NASA sends ISRO peanuts for Mars trip via Facebook

November 01, 2013 03:41 pm | Updated May 26, 2016 03:34 am IST - BANGALORE:

As ISRO’s scientists prepare themselves for a landmark-making launch of the Mars Orbiter Mission (MOM) on November 5, their counterparts in NASA, the U.S. space agency, have extended their good wishes for the mission by sending them some ‘lucky peanuts’.

The good wishes were posted on ISRO’s eight-day-old MOM Facebook page.

NASA’s Jet Propulsion Lab (JPL), which has posted the wishes, adds that eating peanuts while launching a big mission has become a tradition for its scientists since the early 1960s.
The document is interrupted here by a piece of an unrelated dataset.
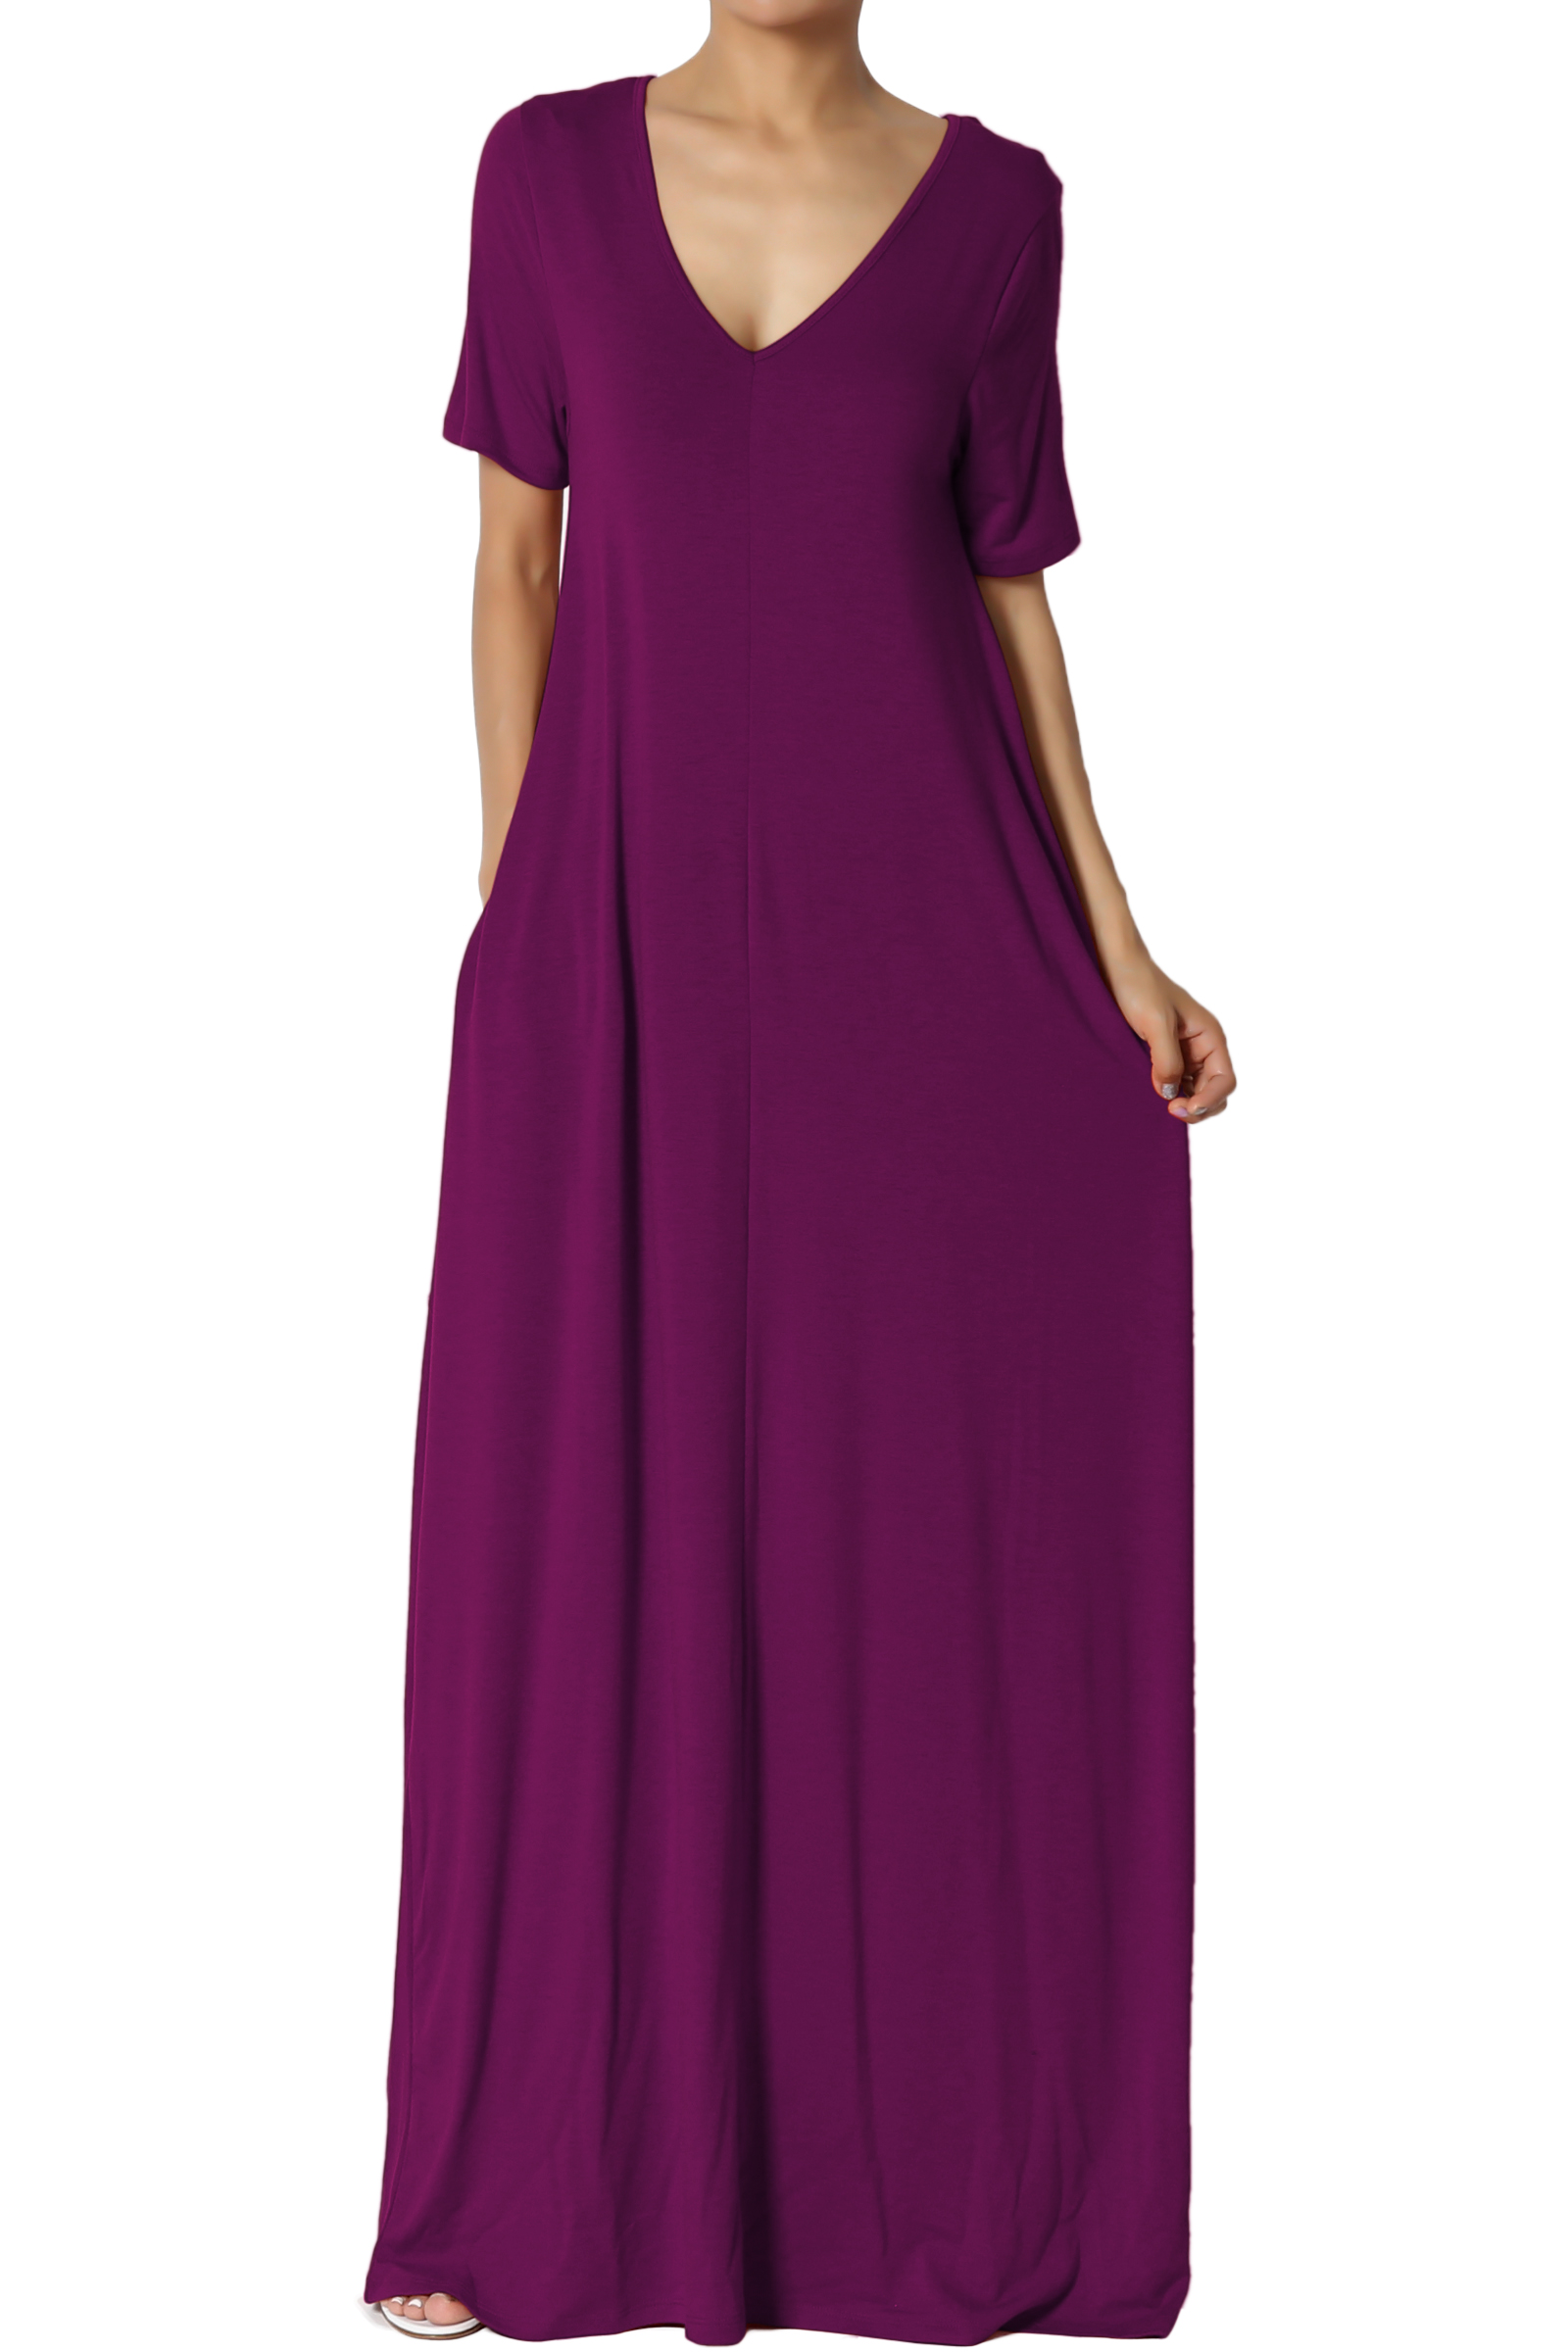 TheMogan Women's S~3X Soft Jersey Oversized V-Neck Short Sleeve Maxi Dress W Pocket

NASA had successively failed in the launch of its first six Ranger lunar probes, but succeeded in the seventh attempt. When Ranger-7 was launched in 1964, someone in mission control was eating peanuts and passing them around at the time of critical stage of the Ranger-7’s flight. The mission clicked and the credit went to the peanuts.

Ever since then, JPL scientists always bring along jars of roasted peanuts to the control room during launches.

And now, NASA has shared its ‘lucky peanuts’ with ISRO: “good luck peanuts from NASA to ISRO!” says the JPL post.

“Go MOM, dare mighty things,” JPL egged ISRO scientists. “Prepare for your launch to Mars, do not forget one of the few but important actions: pass around the peanuts.” The motif ‘dare mighty things’ is also pasted on the NASA jars.

On the practice of handing over peanuts, the JPL post explains: “...it has been a long-standing tradition to hand out peanuts whenever we do anything important, like land on Mars. We use all the luck we can get!”

The ISRO Mars mission, which joined Facebook on October 22 as part of its public outreach plan, has received more than 10,000 likes within a week.

The Facebook connect is the first of ISRO’s public interfaces about MOM. ISRO Chairman K. Radhakrishnan recently told The Hindu , “We want to bring this mission to the people of this country. They should live with us during the entire mission period.”

For the Mars mission, ISRO, he had said, would continue the efforts through the Internet, “not by sensation but with constant, relevant information for the interested community.”